This, however, is one of the ways it allows parallelization.

Generally followings this shape

>>> data = env.reset()
>>> data = policy(data)
>>> print(env.step(data))

Generally, MDP follow this:

  1. a new observation
  2. an indicator of task completion (terminated, truncated, done), and
  3. a reward signal

This can get more complicated in multi-agent RL settings, sometimes reward also is not necessary (like in imitation learning scenarios).

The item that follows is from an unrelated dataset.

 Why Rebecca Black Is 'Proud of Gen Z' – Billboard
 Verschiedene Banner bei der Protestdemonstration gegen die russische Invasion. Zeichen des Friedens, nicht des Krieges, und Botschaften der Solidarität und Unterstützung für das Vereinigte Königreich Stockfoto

So we root the information at time t of the tensorDict:

General Rule

Everything that belongs to time step t is stored at the root of the tensordict, while everything that belongs to t+1 is stored in the ”next” entry of the tensordict.

Here’s an example:

data = env.reset()
data = policy(data)
print(env.step(data))
 
"""
TensorDict(
    fields={
        action: Tensor(...),  # The action taken at time t
        done: Tensor(...),  # The done state when the action was taken (at reset)
        next: TensorDict(  # all of this content comes from the call to `step`
            fields={
                done: Tensor(...),  # The done state after the action has been taken
                observation: Tensor(...),  # The observation resulting from the action
                reward: Tensor(...),  # The reward resulting from the action
                terminated: Tensor(...),  # The terminated state after the action has been taken
                truncated: Tensor(...),  # The truncated state after the action has been taken
            batch_size=torch.Size([]),
            device=cpu,
            is_shared=False),
        observation: Tensor(...),  # the observation at reset
        terminated: Tensor(...),  # the terminated at reset
        truncated: Tensor(...),  # the truncated at reset
    batch_size=torch.Size([]),
    device=cpu,
    is_shared=False)
"""